Your positioning brief positions you for maximum leverage, communications clarity and marketing impact.
Your positioning brief or strategy brief is many times more powerful than any of your day-to-day assignment-focused creative briefs. This is because instead of just informing or guiding a single marketing initiative, we are working at the company level to forge greater pathways of connection. Every downstream piece of communications now has a platform to run on, if you will.
First, be something. Then, say something. (Then, add difference, dimension and depth to your position with complete 360° brand discovery by a brand strategist.)

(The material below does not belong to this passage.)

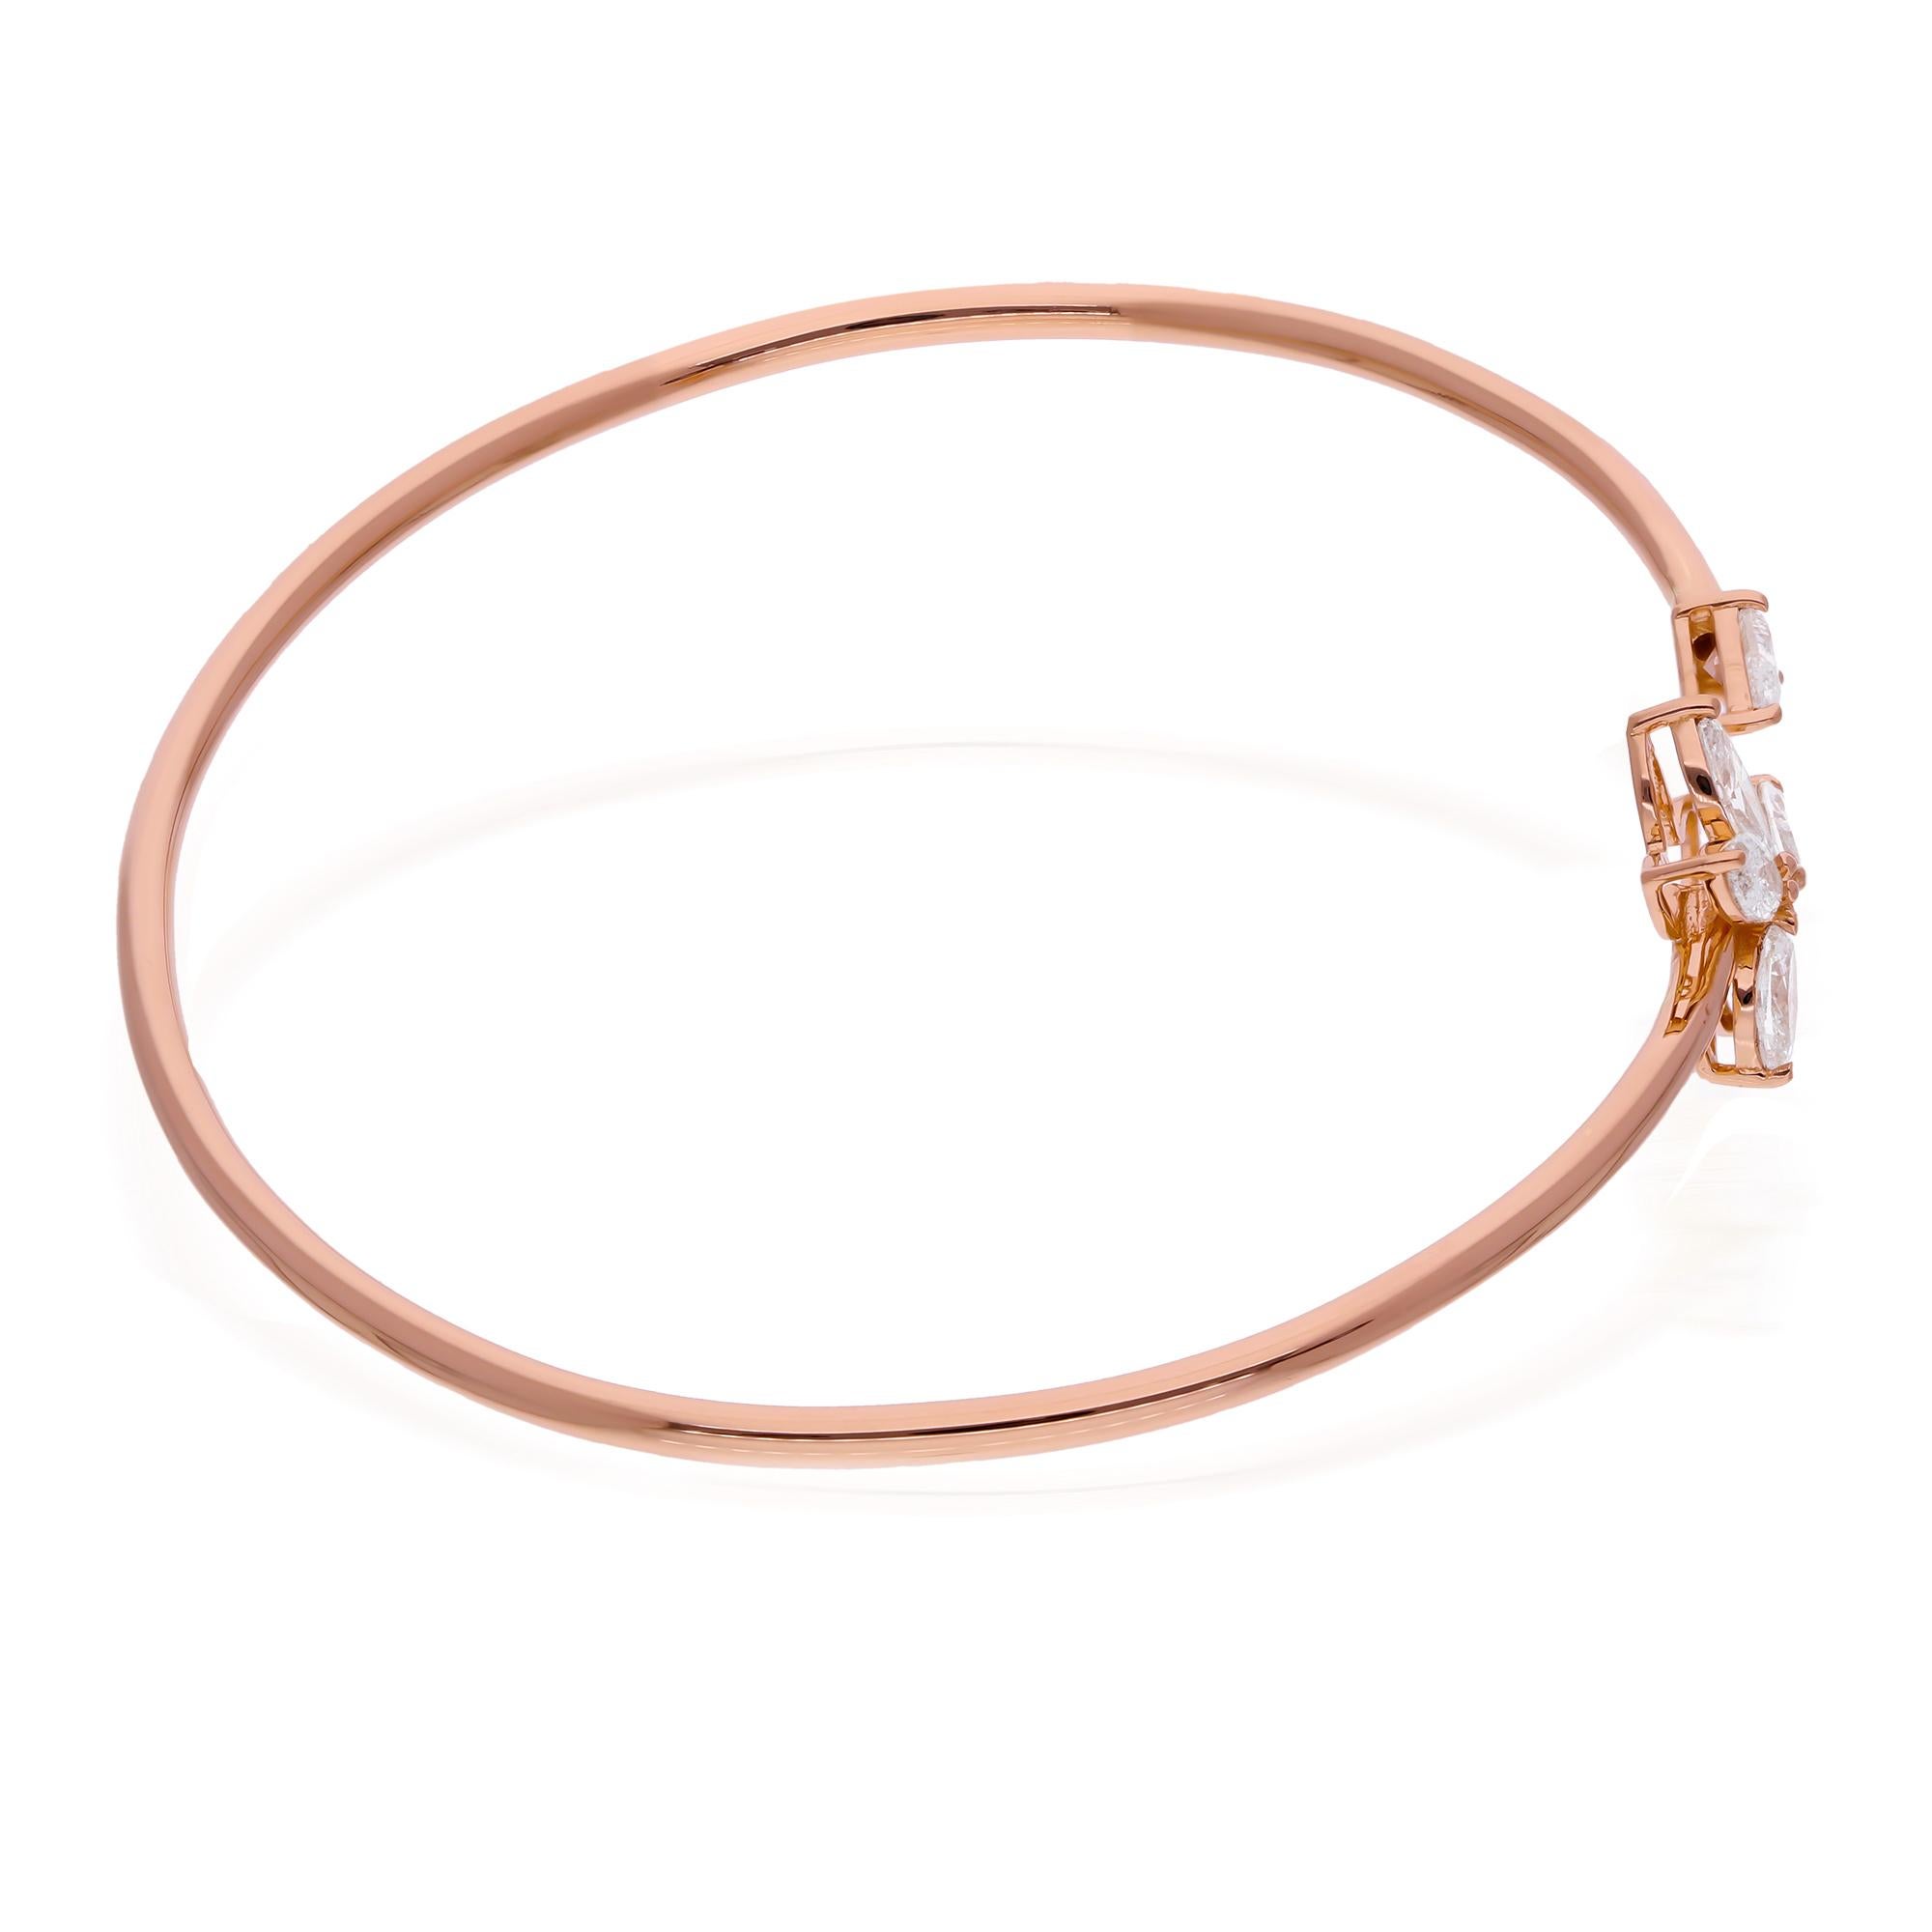 Indulge in timeless elegance with this exquisite Marquise Diamond Cuff Bangle Bracelet, crafted in luxurious 18 Karat Rose Gold. Every facet of this piece speaks to sophistication and grace, making it a captivating addition to any jewelry

Brand ultimately sits atop position, but too many skip this critical step. It is far more important to know your strategic position and only then, perhaps, to assess whether there are previously unconsidered opportunities to build a stronger brand on top of it. Whatever the specific message, who that message is coming from matters greatly. The vast problem we see these days are companies running on promotion or brand alone. Neither will endure for the long haul. Knowing your position, making sure it’s the right one and reinforcing that differentiated position consistently and at every turn are the muscles behind your marketing budget. Keep healthy. Stay fit.

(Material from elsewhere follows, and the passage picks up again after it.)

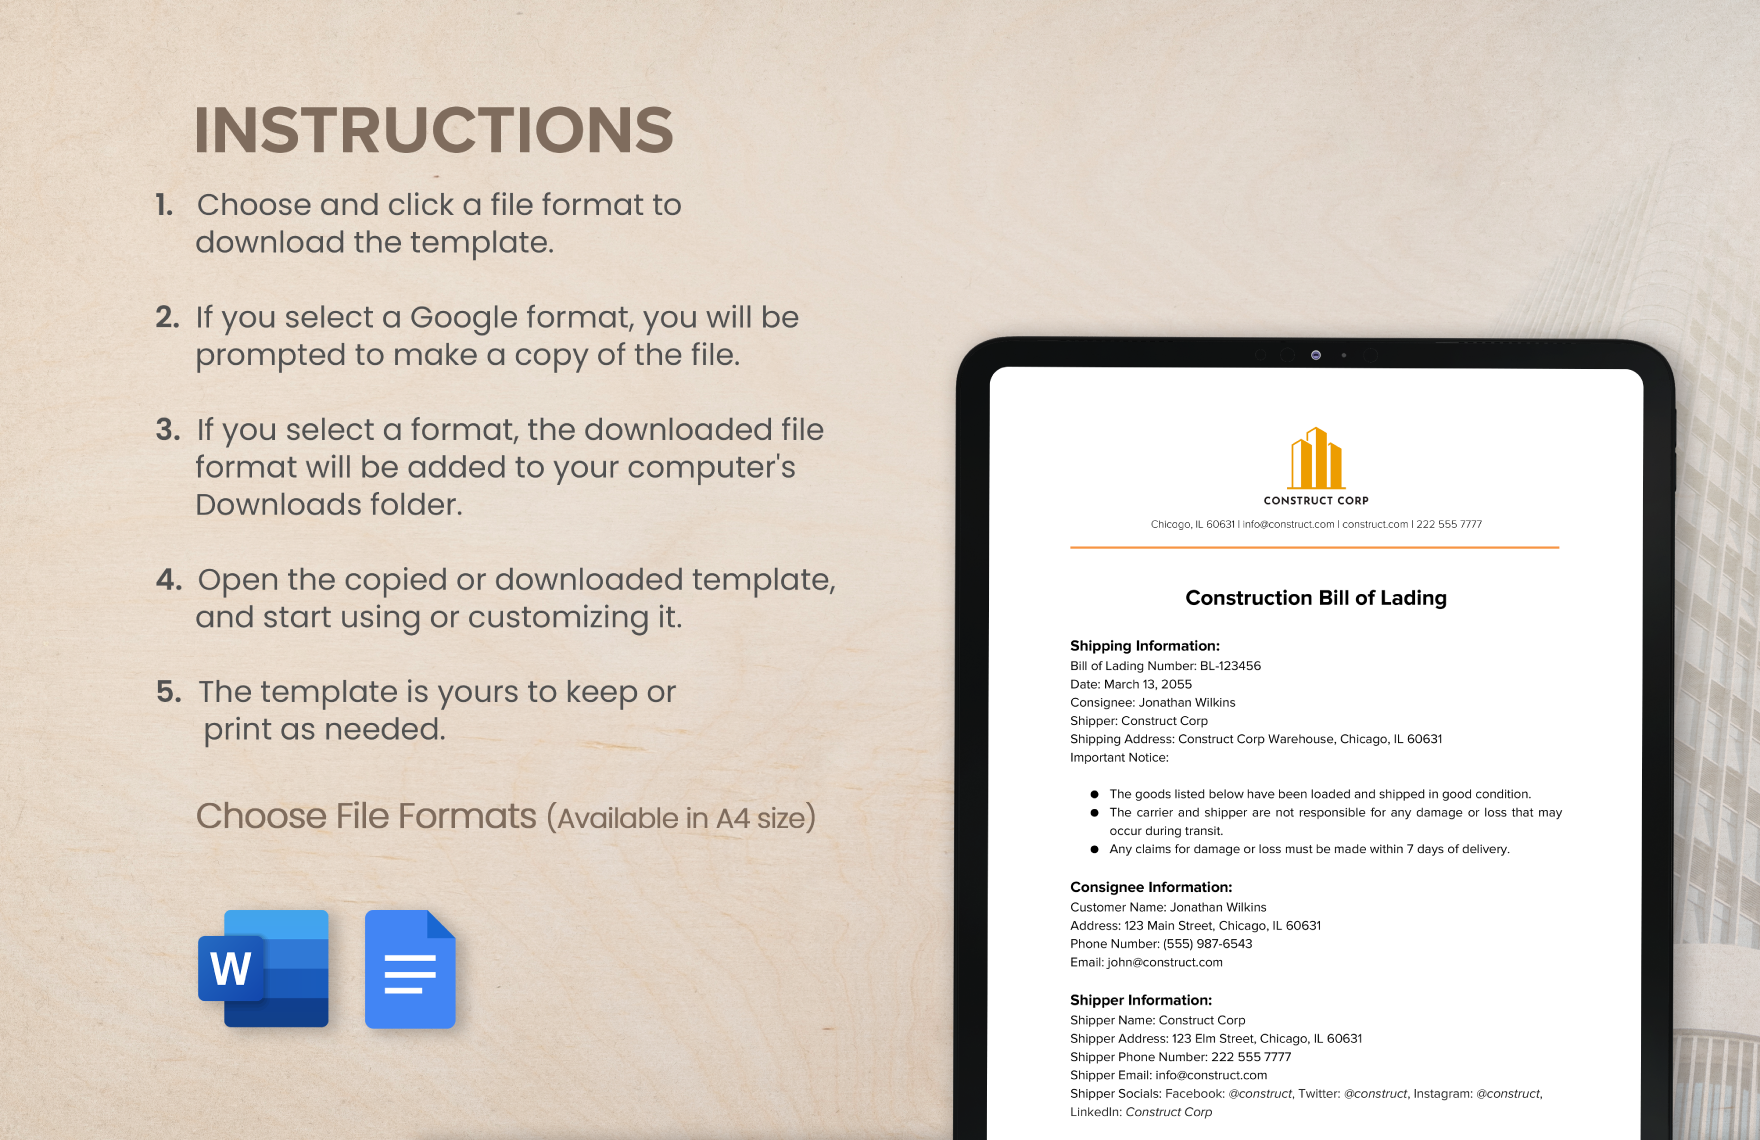  Construction Bill of Lading Template

Some of the questions a marketing consultant, positioning consultant or content strategist asks to ensure you are building your marketing house on a solid foundation:
- Does your Unique Selling Proposition accurately and precisely capture why targets should care? In this way, greater focus for your marketing actually serves to create greater focus for the company as a whole.
- What three things render your market unique? If you are concerned that your business isn’t niche-oriented, this is an opportunity to carve out a niche based upon unique target needs or other demographic or psycho-graphic elements.
- Of course, we are going to examine the competitor positioning and messaging. But I am often able to bring new energy to the proceedings, and to the company as a whole, by asking the question in terms of competitive forces. What is preventing us from achieving our sales objectives and what is preventing us from connecting with our targets are two much more profound questions that help me steer my brand marketing and brand messaging clients in the right direction.
- Have you demonstrated the pure courage it takes to have your SWOT exercise or your list of First’s, Best’s, Most’s & Only’s by a fresh, objective, high-energy perspective?
- When we assess “who the company is” for the purposes of tightening up your positioning, we focus primarily on the target’s end-game, with the company being defined as the sole deliverer of these specific benefits. What are they thinking, feeling and doing post-consumption of the marketing message and post-transaction? (We judiciously save the bigger picture investigations into beliefs, culture and brand personality for brand work, wherein they can be more precisely reverse-engineered for greater enduring value.)
- If you are dissatisfied with either a) the creative work coming your way or b) the performance of your marketing in general, odds are very good that the disconnects and inefficiencies aren’t happening at a superficial level. Chances are also quite good that some solid positioning and brand messaging diagnostics will put you on a path to greater impact, greater resonance and a more effective, enduring target connection strategy.
What separates a great marketing consultant or positioning consultant from the also-rans?
It’s not that the questions that one marketing consultant asks or that one book invites you to ask are all that fundamentally different. What matters is that you’re working with someone who can very quickly get up to speed on the various elements of juice running through your business model, rapidly identify those areas where you are already strong and clear, and focus his/her attention around those cornerstone positioning and messaging issues wherein you are most likely to receive the biggest value.
As mentioned in the blog post on creative briefs, but it is yet more critical at the company’s strategic positioning level, you need to be working with someone who possesses enough experience to be able to trace the creative trajectory of any given point, notion or stipulation in the brief, sufficient tact and diplomacy to know where and when to probe more deeply and challenge the assumptions, but also enough instinct and confidence to know that an ounce of prevention in your company’s fundamental positioning is worth a pound of post-marketing cure. Time and money spent chasing incremental performance, paid to outside media outlets and agencies, is time and money you should be investing right into your own company. An increased internal understanding of how to better connect with more customers so that they will part with more of their money is invaluable. Follow the money.